Top of Data for this task

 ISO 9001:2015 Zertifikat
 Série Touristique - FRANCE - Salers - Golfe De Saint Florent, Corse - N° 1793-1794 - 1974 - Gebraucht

Bottom of Data for this task
Top of Data for this task

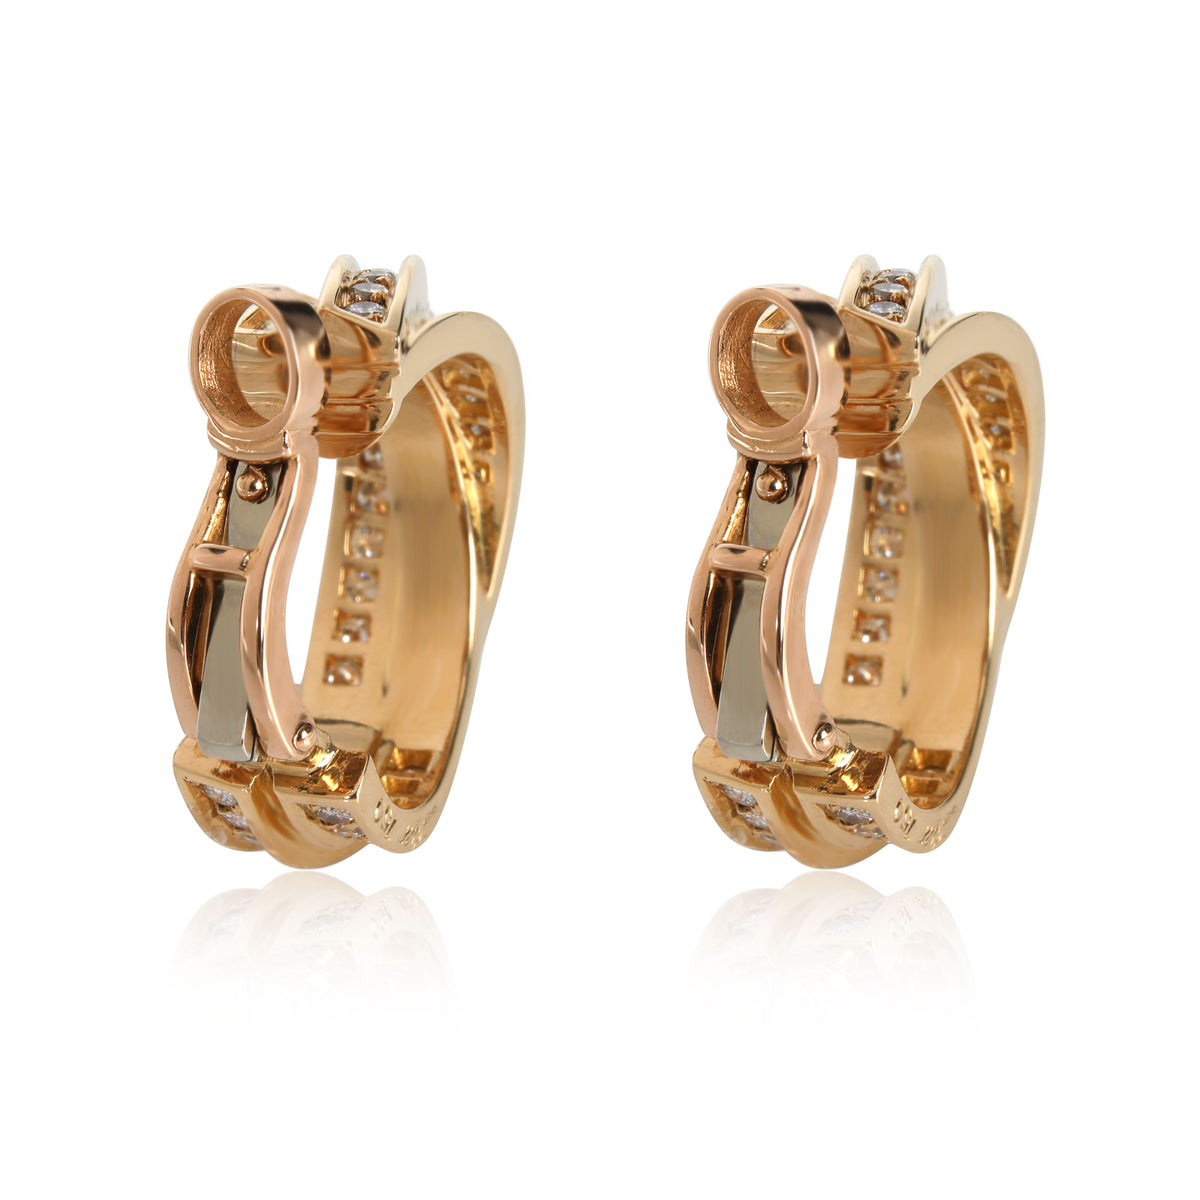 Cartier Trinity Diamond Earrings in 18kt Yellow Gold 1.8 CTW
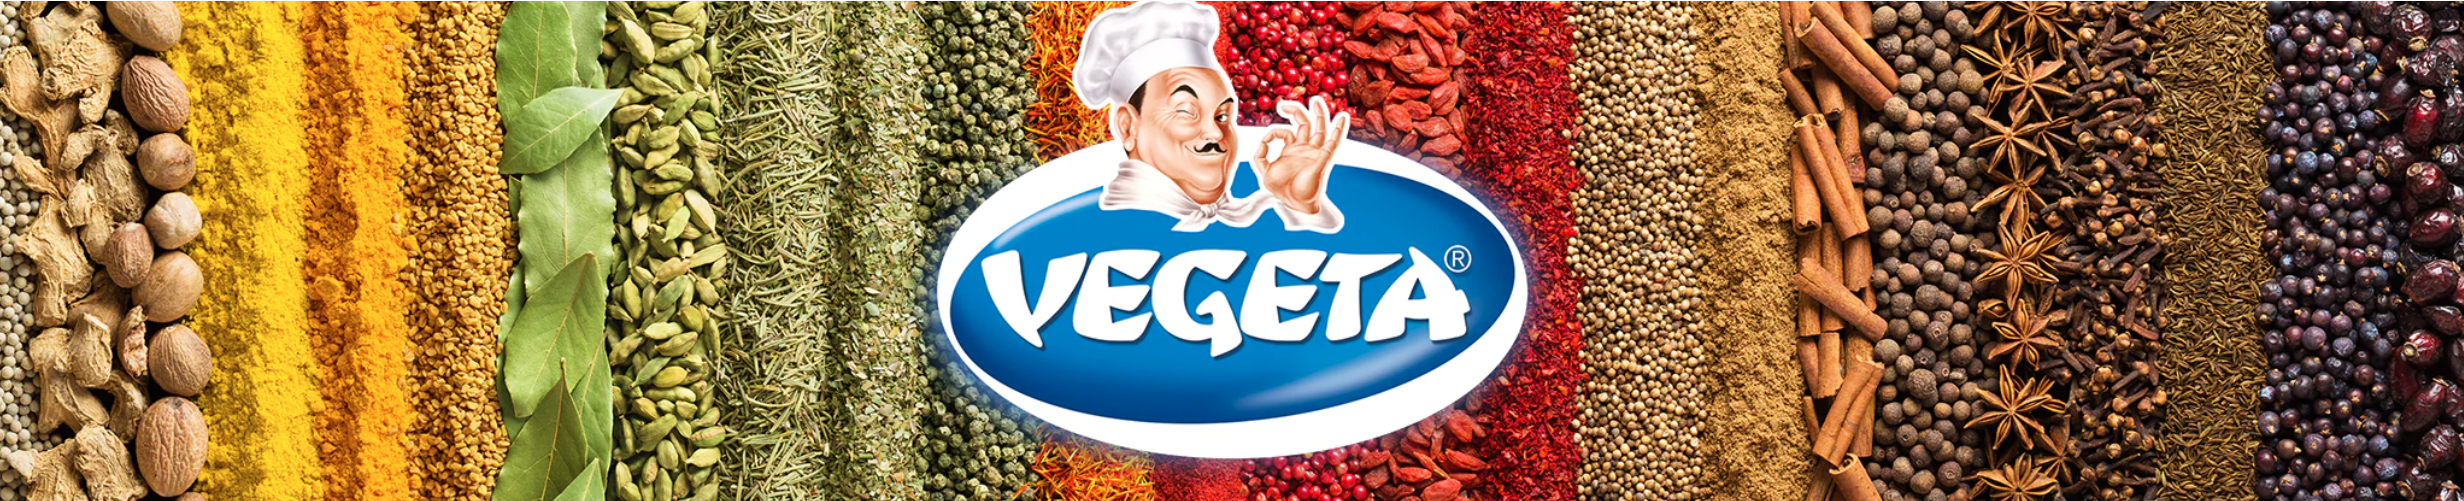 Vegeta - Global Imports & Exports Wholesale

Bottom of Data for this task
Top of Data for this task

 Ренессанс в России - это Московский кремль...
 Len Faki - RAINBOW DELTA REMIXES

Bottom of Data for this task

◆ Work instructions: From the records above, copy only the lines starting with the line that holds "ISO 9001:2015 Zertifikat" and going on through the line that holds "Série Touristique - FRANCE", exactly as written.

◆ Written answer:
 ISO 9001:2015 Zertifikat
 Série Touristique - FRANCE - Salers - Golfe De Saint Florent, Corse - N° 1793-1794 - 1974 - Gebraucht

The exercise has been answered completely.